A. If v9fs_session_init() fails before the bdi is initialized, the
   follow-up v9fs_session_close() will invoke bdi_destroy() on an
   uninitialized bdi.

B. If v9fs_session_init() fails after the bdi is initialized,
   bdi_destroy() will be called twice on the same bdi - once in the
   failure path of v9fs_session_init() and then by
   v9fs_session_close().

A is broken no matter what.  B used to be okay because bdi_destroy()
allowed being invoked multiple times on the same bdi, which BTW was
broken in its own way - if bdi_destroy() was invoked on an initialiezd
but !registered bdi, it'd fail to free percpu counters.  Since
f0054bb1e1f3 ("writeback: move backing_dev_info->wb_lock and
->worklist into bdi_writeback"), this no longer work - bdi_destroy()
on an initialized but not registered bdi works correctly but multiple
invocations of bdi_destroy() is no longer allowed.

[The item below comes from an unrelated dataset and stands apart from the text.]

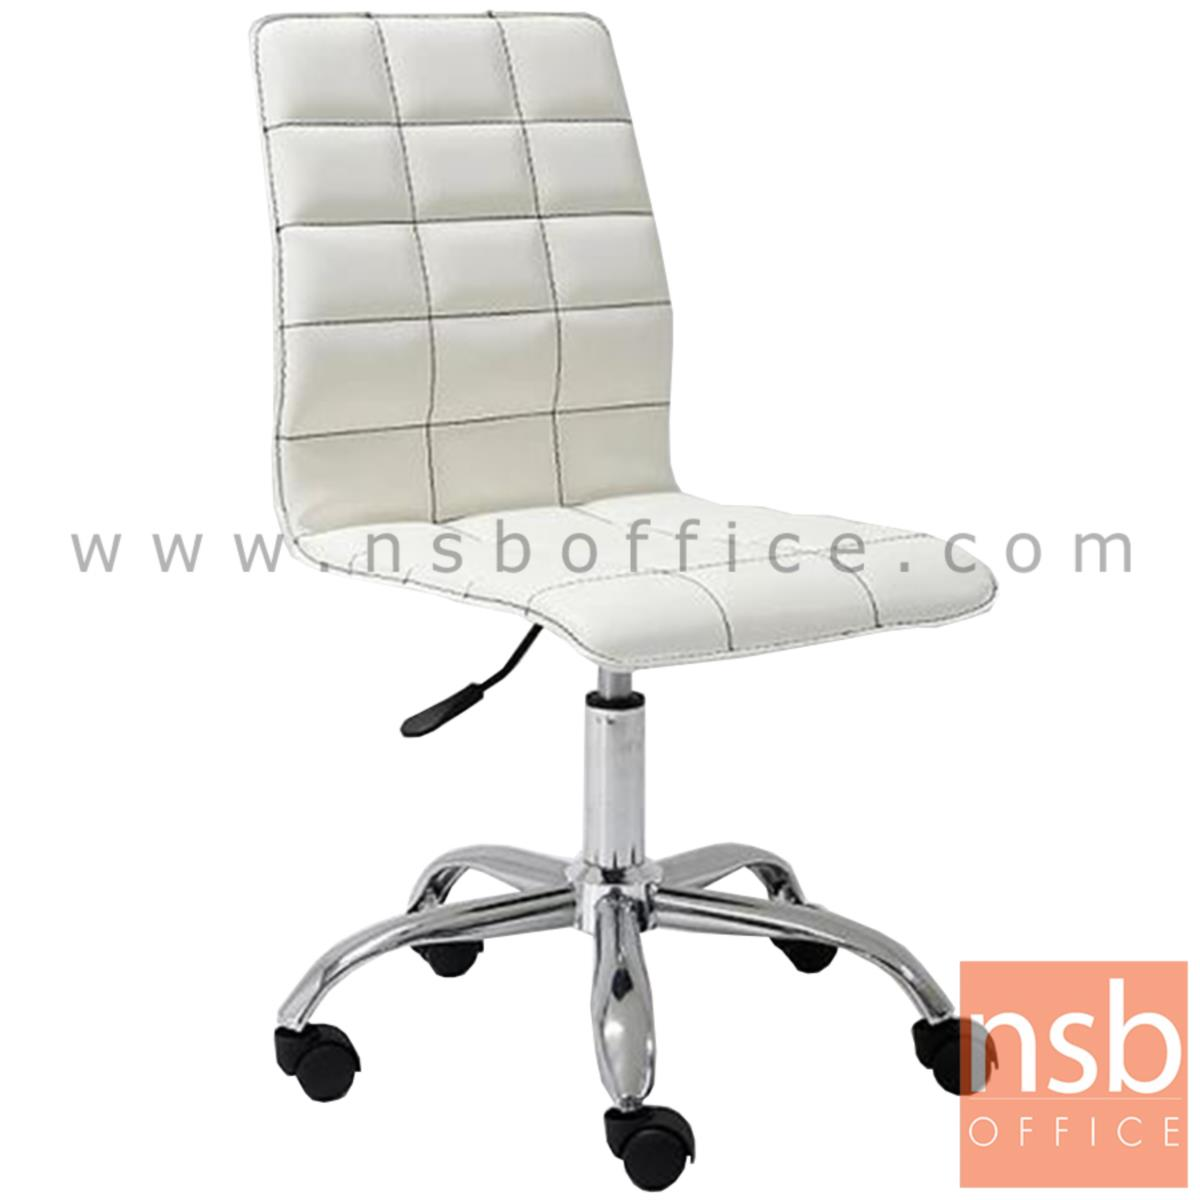 B03A450:เก้าอี้สำนักงาน  รุ่น Marcia (มาร์เชอ)  โช๊คแก๊ส ขาเหล็กชุบโครเมี่ยม

The obvious culprit here is v9fs_session_init()'s odd and broken error
behavior.  It should simply clean up after itself on failures.  This
patch makes the following updates to v9fs_session_init().

* @rc -> @retval error return propagation removed.  It didn't serve
  any purpose.  Just use @rc.

* Move addition to v9fs_sessionlist to the end of the function so that
  incomplete sessions are not put on the list or iterated and error
  path doesn't have to worry about it.

* Update error handling so that it cleans up after itself.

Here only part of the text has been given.